Screenshot 2024-10-06 at 15 17 07
flatsiedatsie commented 1 week ago

By Jove, I think I may have cracked the case!

flatsiedatsie commented 1 week ago

I've solved one of the issues.

It turns out that I was sending data to the Whisper Worker right after it was created. But the worker wasn't actually 'loaded in' at that point yet.

So I've added this to the end of the worker script:

self.postMessage({
    status: "exists"
});

Only once the main script has received the "exists" message will it send the worker the data. So, it was an issue in my code (as was the most likely) that slipped in during the rewrite.

The delay has solved things on the desktop side. It now works perfectly again.

On the mobile side, however, this fix unfortunately hasn't resolved the issue. There I still see:

Screenshot 2024-10-07 at 11 57 34

For now I'm assuming that's an indication of a 'real' out of memory issue. And now I'm back to trying (adding) variations of enabling quantized and/or changing Q4 to FP32 for the encoder.

It was working fine on mobile for a long time, so I know it's possible.

flatsiedatsie commented 1 week ago

and

Screenshot 2024-10-07 at 14 49 30
flatsiedatsie commented 1 week ago

Tested on another Android device, a Samsung tablet with just 2GB of RAM.

Also tested on an iPhone SE 2020, with 3GB ram.

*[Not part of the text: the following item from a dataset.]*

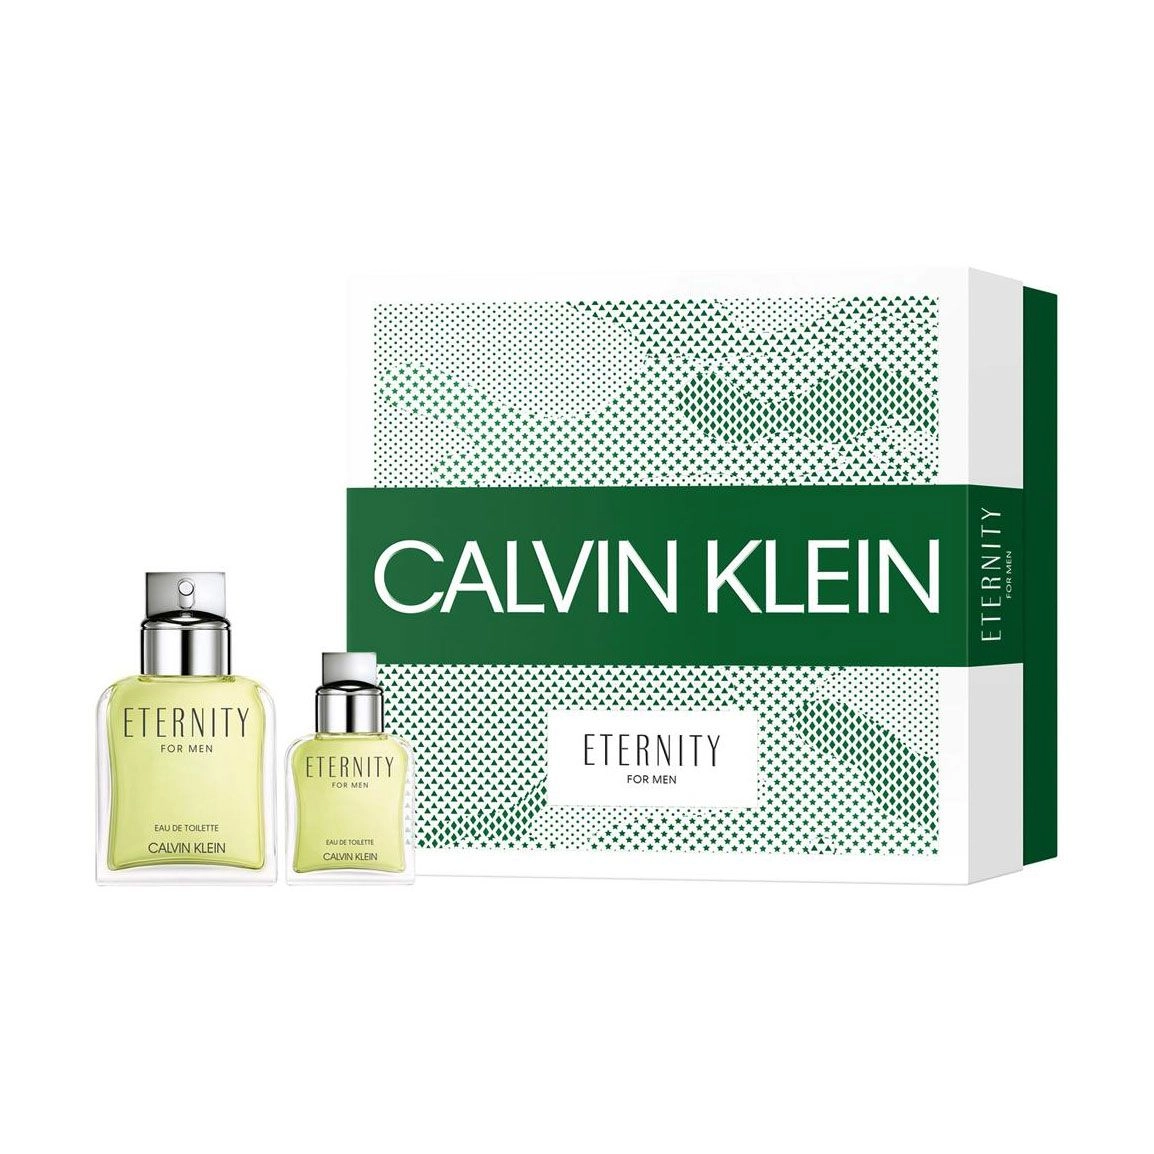 Calvin Klein Парфюмированный набор мужской Eternity For Men (туалетная вода, 100 мл + туалетная вода, 30 мл) - фото N1
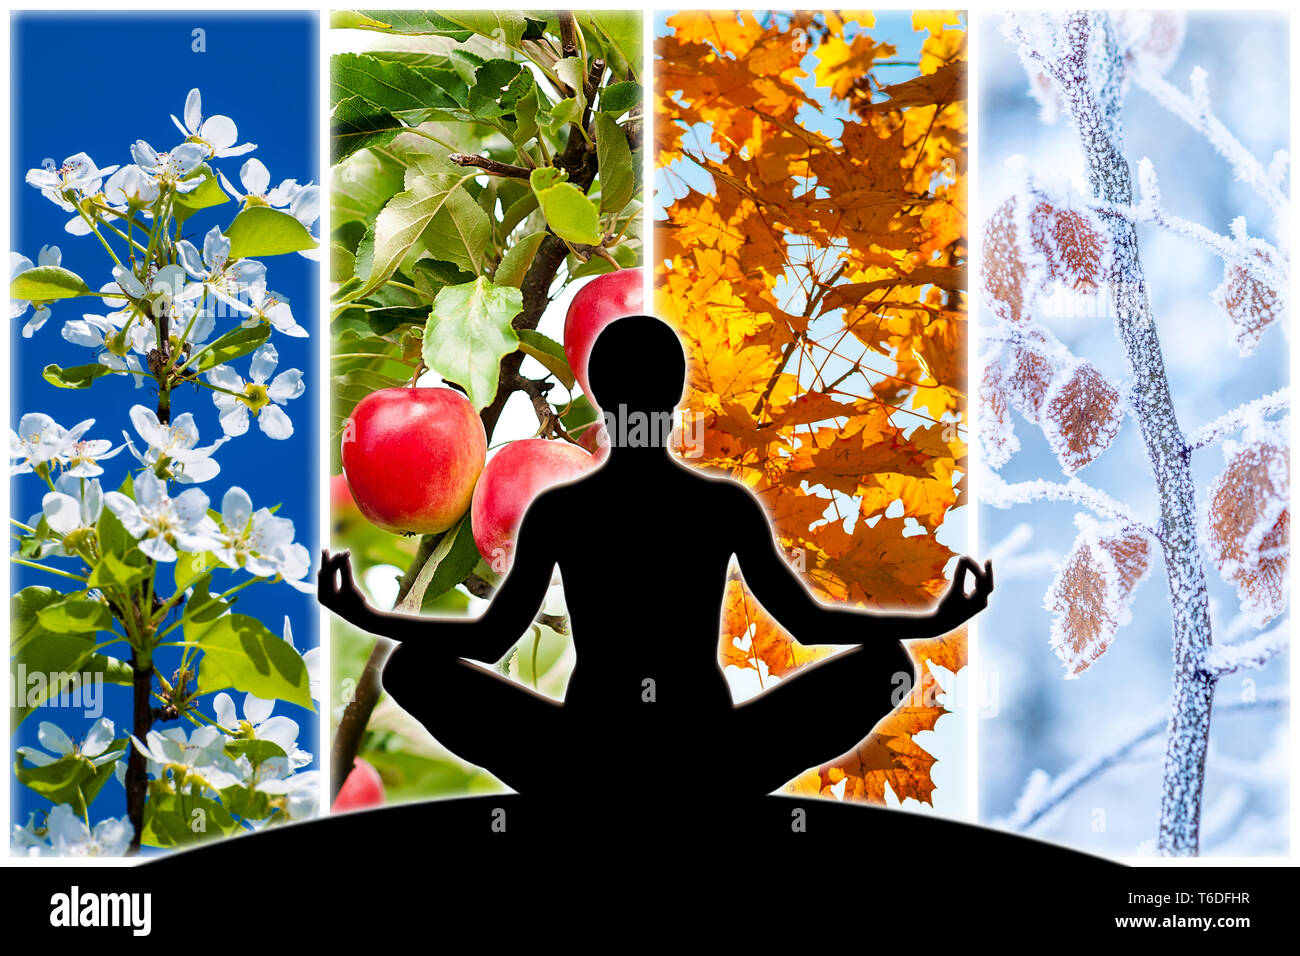 Yoga femmina figura silhouette contro il collage di quattro immagini che rappresentano ogni Stagione: Primavera, estate, autunno e inverno. Foto Stock

flatsiedatsie commented 1 week ago

Since it seems to be a combinations of an issue in my code and -seemingly- an issue with mobile Chrome I'm going to close this issue.

Phew!

flatsiedatsie commented 6 hours ago

I've noticed that in general it's a good idea to create a 'preload' function, where the model first downloads its files, and after that is done, sends a "preloaded" mesage back to the main thread, and only then gets sent the actual tasks.

I don't know why this is. It could be that it adds a small delay? But I've now added this to the TTS worker too, and it seems much happier.

Still, sporadically a worker will still freeze. I've resorted to adding code that checks if it has taken more than 15 seconds for the worker to create an instance. If the main thread doesn't get a success mesage within that timeframe, the worker will be terminated. This.. isn't pretty.